## Supplied information
»»

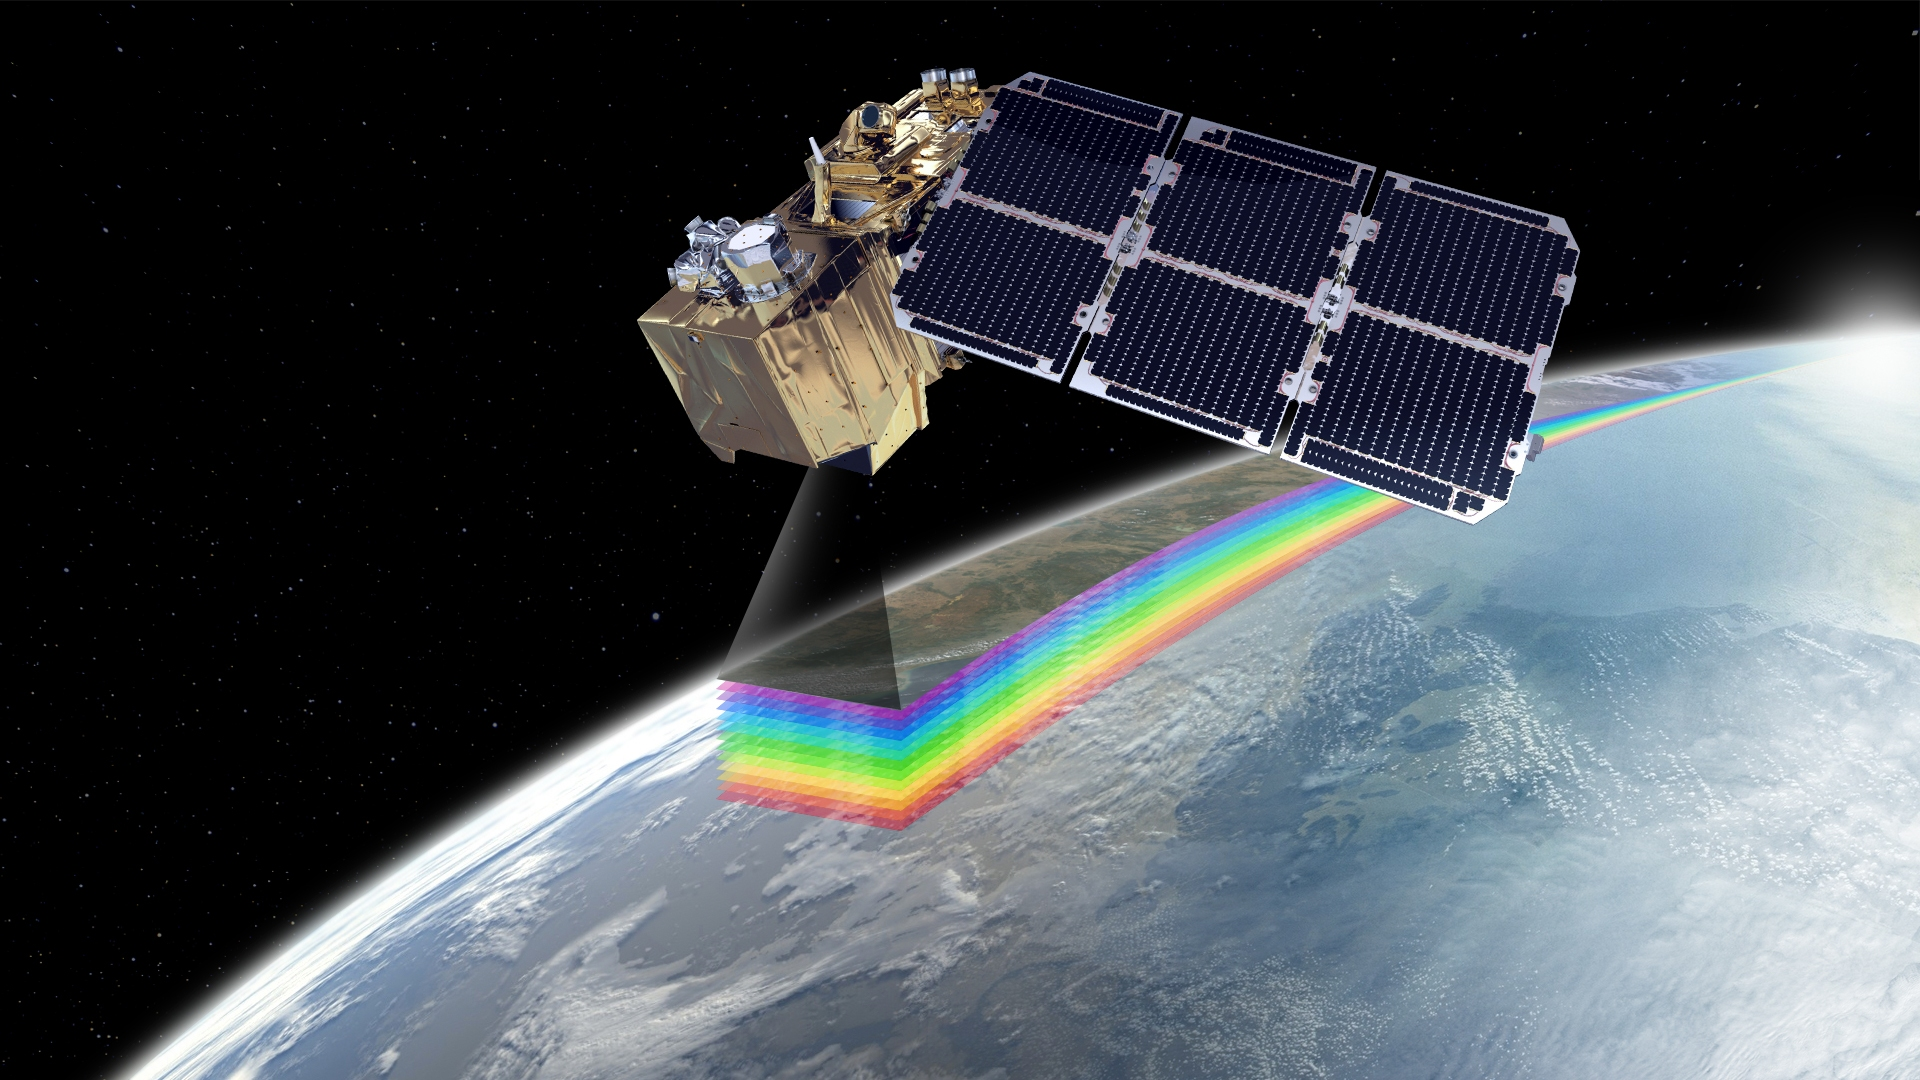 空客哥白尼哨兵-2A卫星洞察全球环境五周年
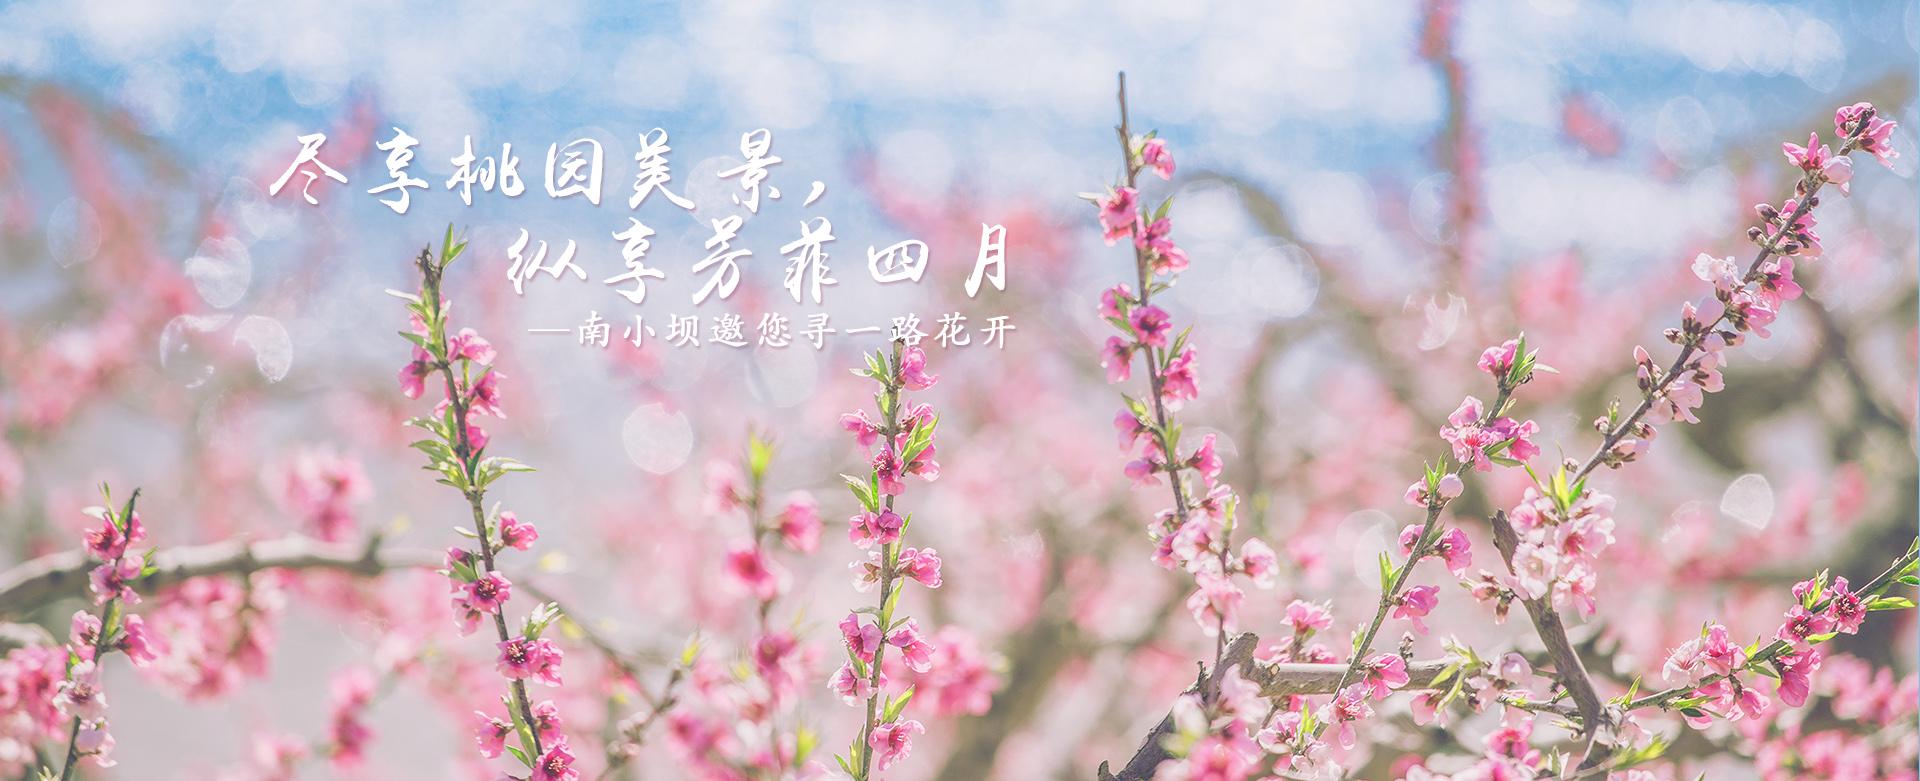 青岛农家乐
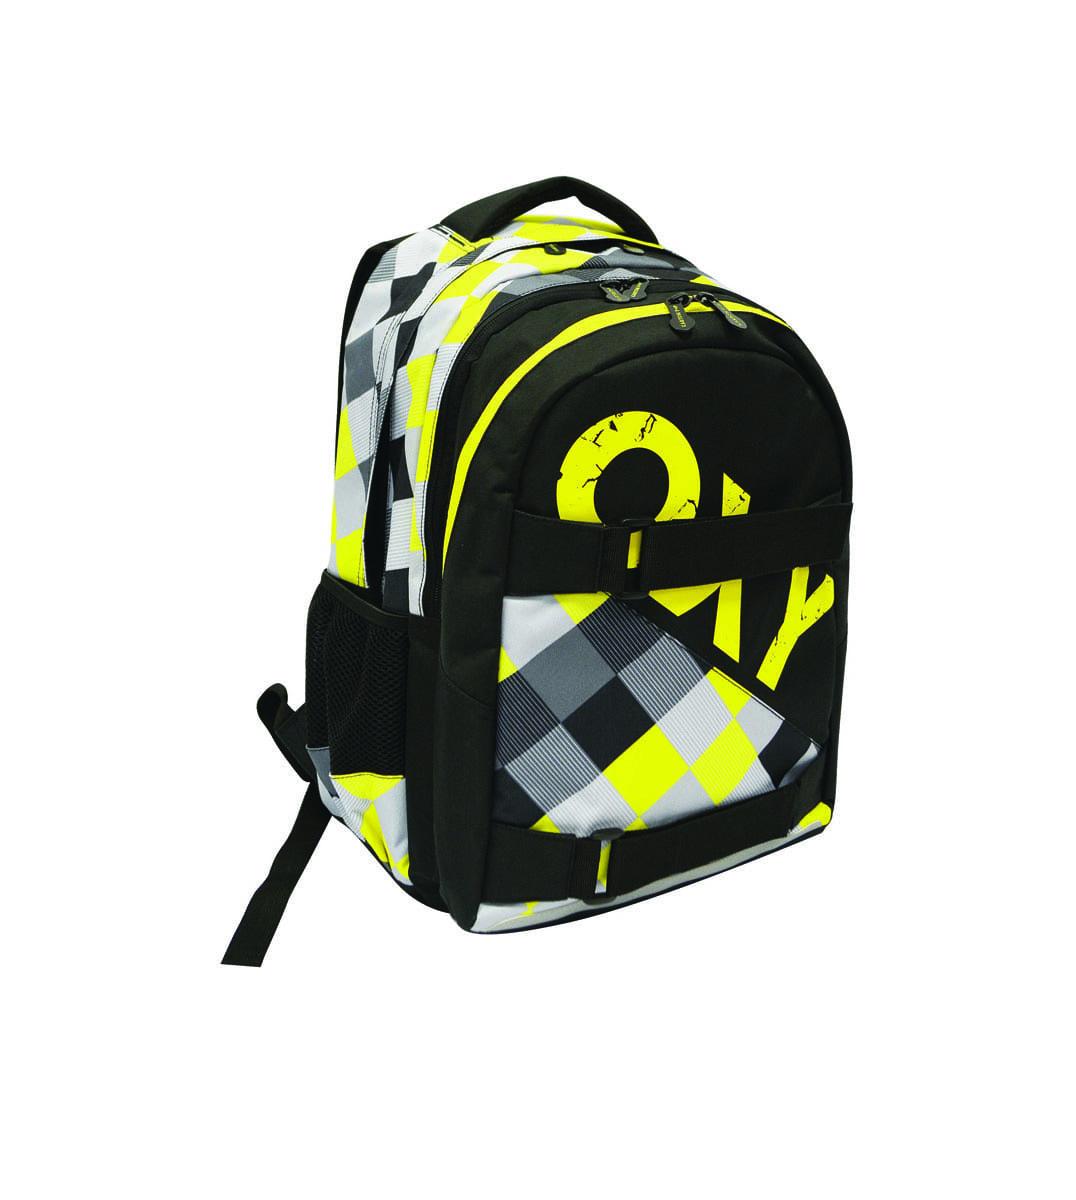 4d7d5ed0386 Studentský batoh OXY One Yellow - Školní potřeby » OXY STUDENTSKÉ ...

««

A word-for-word copy of the listing is the goal; keep every picture out of it.

## Written reply
 空客哥白尼哨兵-2A卫星洞察全球环境五周年
 青岛农家乐
 4d7d5ed0386 Studentský batoh OXY One Yellow - Školní potřeby » OXY STUDENTSKÉ ...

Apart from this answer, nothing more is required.